CN108559434B

CN108559434B - Three-functionality terminal alkenyl energetic adhesive and synthesis method thereof

Info

Publication number: CN108559434B
Application number: CN201810442119.2A
Authority: CN
Inventors: 王晓川; 卢先明; 莫洪昌; 舒远杰; 徐明辉; 刘宁; 汪伟; 朱勇; 张倩
Original assignee: Xian Modern Chemistry Research Institute
Current assignee: Xian Modern Chemistry Research Institute
Priority date: 2018-05-10
Filing date: 2018-05-10
Publication date: 2020-10-27
Anticipated expiration: 2038-05-10
Also published as: CN108559434A

Abstract

The invention discloses a trifunctional end alkenyl energetic adhesive and a synthesis method thereof, wherein the structural formula of the trifunctional end alkenyl energetic adhesive is shown as a formula (I), and the synthesis process comprises the following steps: the trifunctional poly-3-nitrate methyl-3-methyl oxa-cyclobutadine is used as a raw material, 3-isocyanic acid propylene is added, and the trifunctional alkenyl group-containing energy-containing adhesive is obtained through addition reaction. The synthesis method is convenient for large-scale preparation, and the double bonds endow the adhesive with the capability of curing at room temperature. The invention is mainly used for composite solid propellant.

Description

Three-functionality terminal alkenyl energetic adhesive and synthesis method thereof

Technical Field

The invention relates to a trifunctional alkenyl energetic adhesive, belonging to the field of solid propellants.

Background

Currently, isocyanate curing systems have the problem of relatively high curing temperatures. The isocyanate curing system used for curing hydroxyl-terminated polybutadiene (HTPB) is cured to form polyurethane, has high curing temperature and is sensitive to moisture, for example, the isocyanate curing system consisting of Toluene Diisocyanate (TDI) and HTPB has the curing temperature of 60 ℃.

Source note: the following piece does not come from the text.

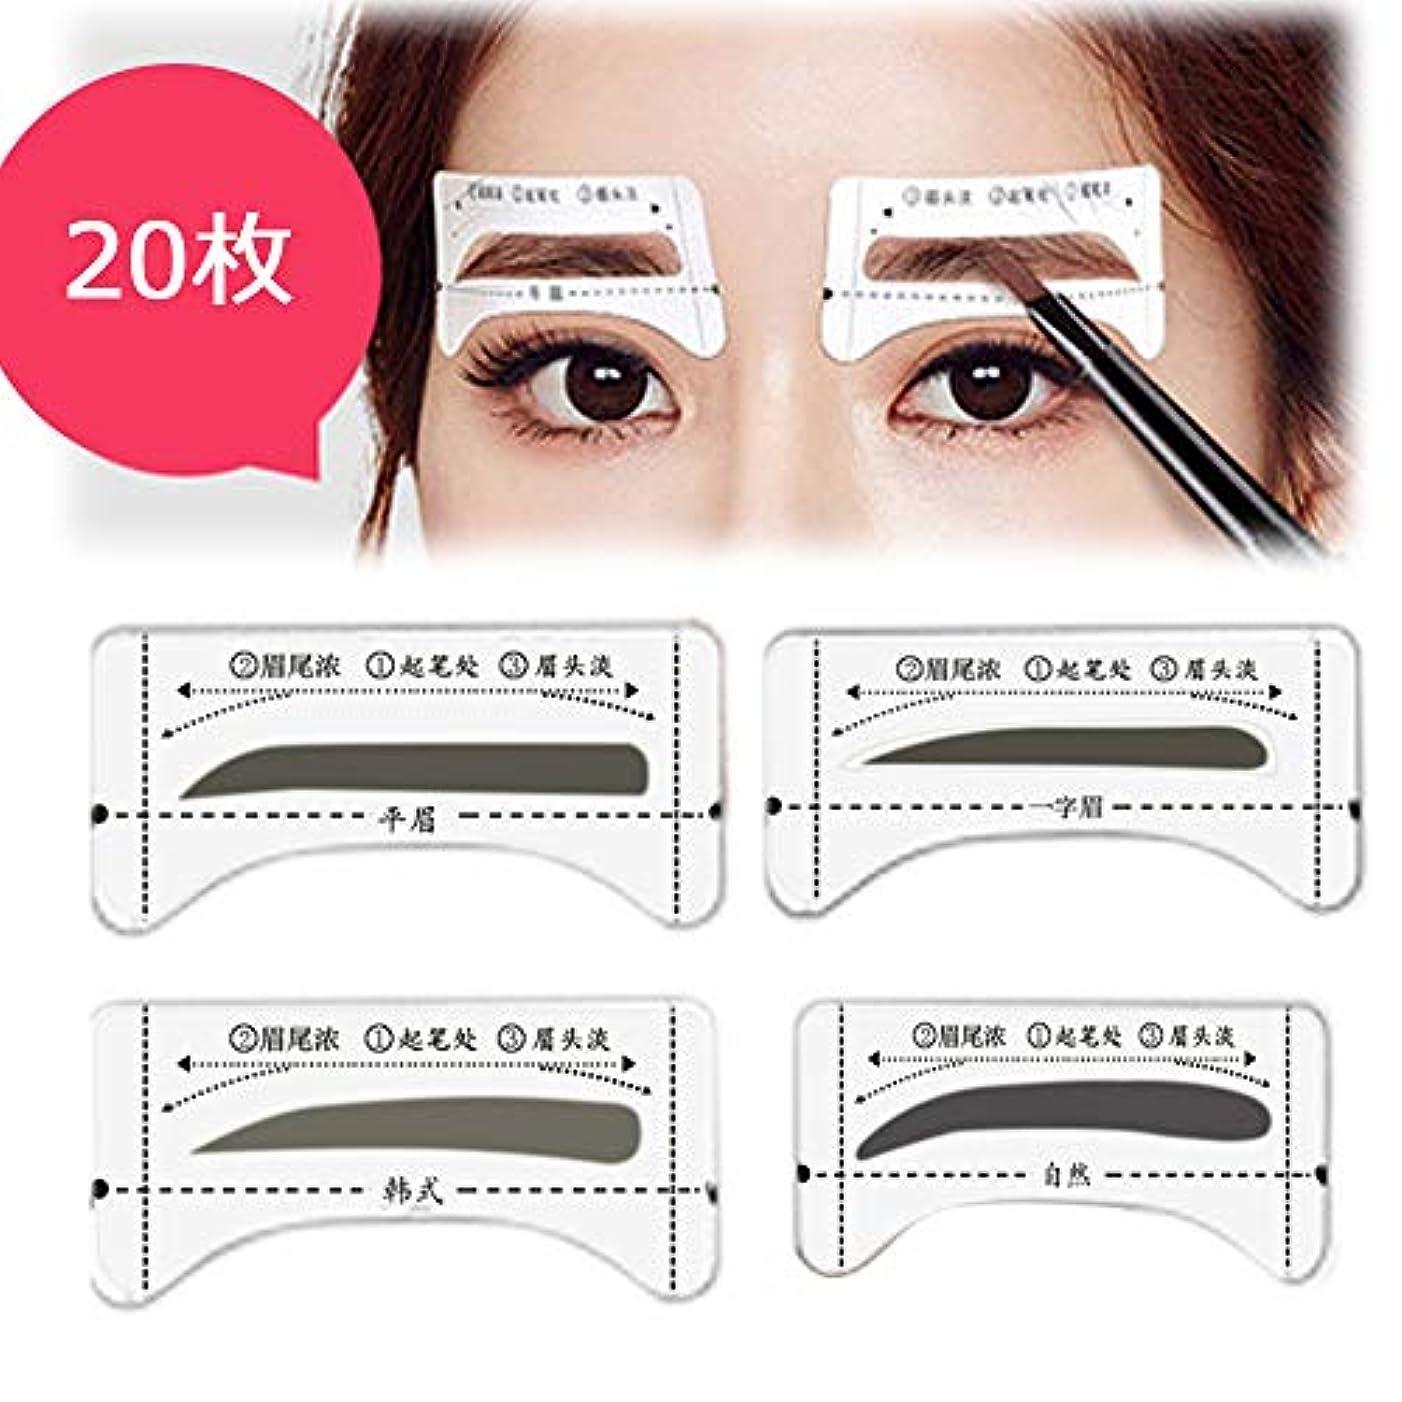 乳製品のぞき穴ポゴスティックジャンプ眉テンプレート 眉毛 4種20枚(韓国風、一言眉、自然、平らな眉毛)片手使用する
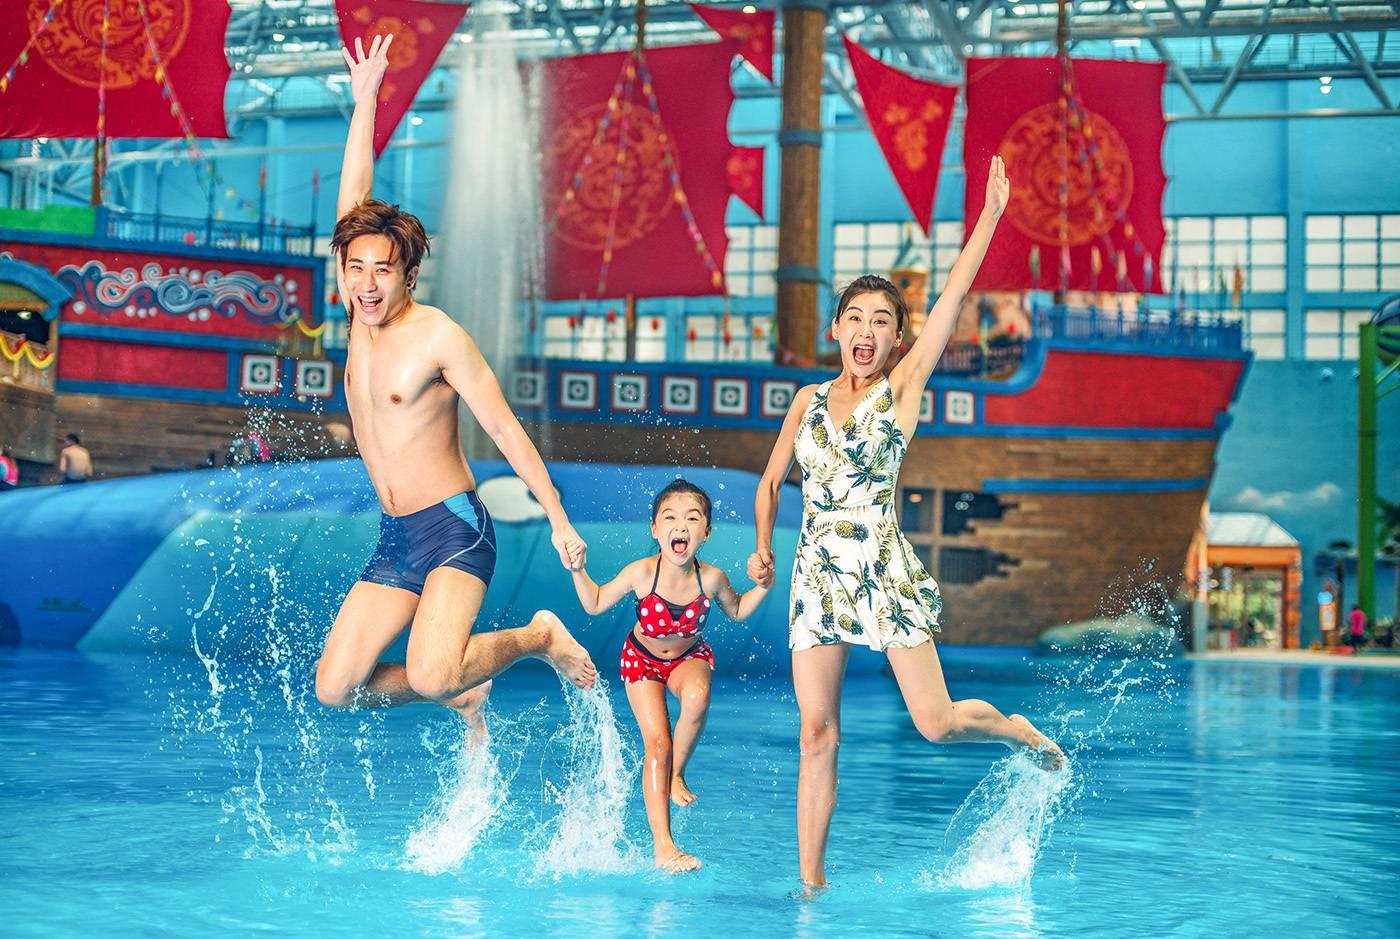 【广州花都】暑假夜专场!139元秒杀融创水世界夜场成人门票1张,尽享清凉暑假

In order to solve the problems of high curing temperature and sensitivity to moisture in the traditional curing mode, a room temperature curing technology of nitrile oxide is developed. The curing agent nitrile oxide has high activity and is easy to produce curing crosslinking reaction with double bond containing adhesive, so that the curing temperature of the curing system is low and can be as low as 25-35 ℃. For example, the hogchuan subject of the science and technology university in southwest is listed in "synthesis of terephthalonitrile oxide and its room temperature curing property" fine chemical industry, 2017 (9): 1063-1069 use nitrile oxide to effect curing of the liquid polybutadiene rubber at room temperature. However, the elastomer formed after curing is free of energy and has a tensile strength of only 0.45 MPa.

Disclosure of Invention

The invention aims to overcome the defects of the background technology and provide an energy-containing adhesive which not only contains nitrate energy-containing groups but also can improve the tensile strength and a synthetic method thereof.

The conception of the invention is as follows: curing of trifunctional poly (3-nitrate methyl-3-methyloxacyclobutane) with diisocyanate requires heating to 60 ℃ and is susceptible to blistering under the influence of moisture. In order to reduce the curing temperature, while avoiding the generation of bubbles, the present invention envisages: the three-functionality (poly 3-nitrate methyl-3-methyl oxa-heterocyclic ring) energy-containing adhesive is adopted to react with 3-isocyanic propylene to generate the three-functionality end-alkenyl energy-containing adhesive, and tetramethyl terephthalonitrile oxide is used for curing to perfect a three-dimensional network structure formed after curing.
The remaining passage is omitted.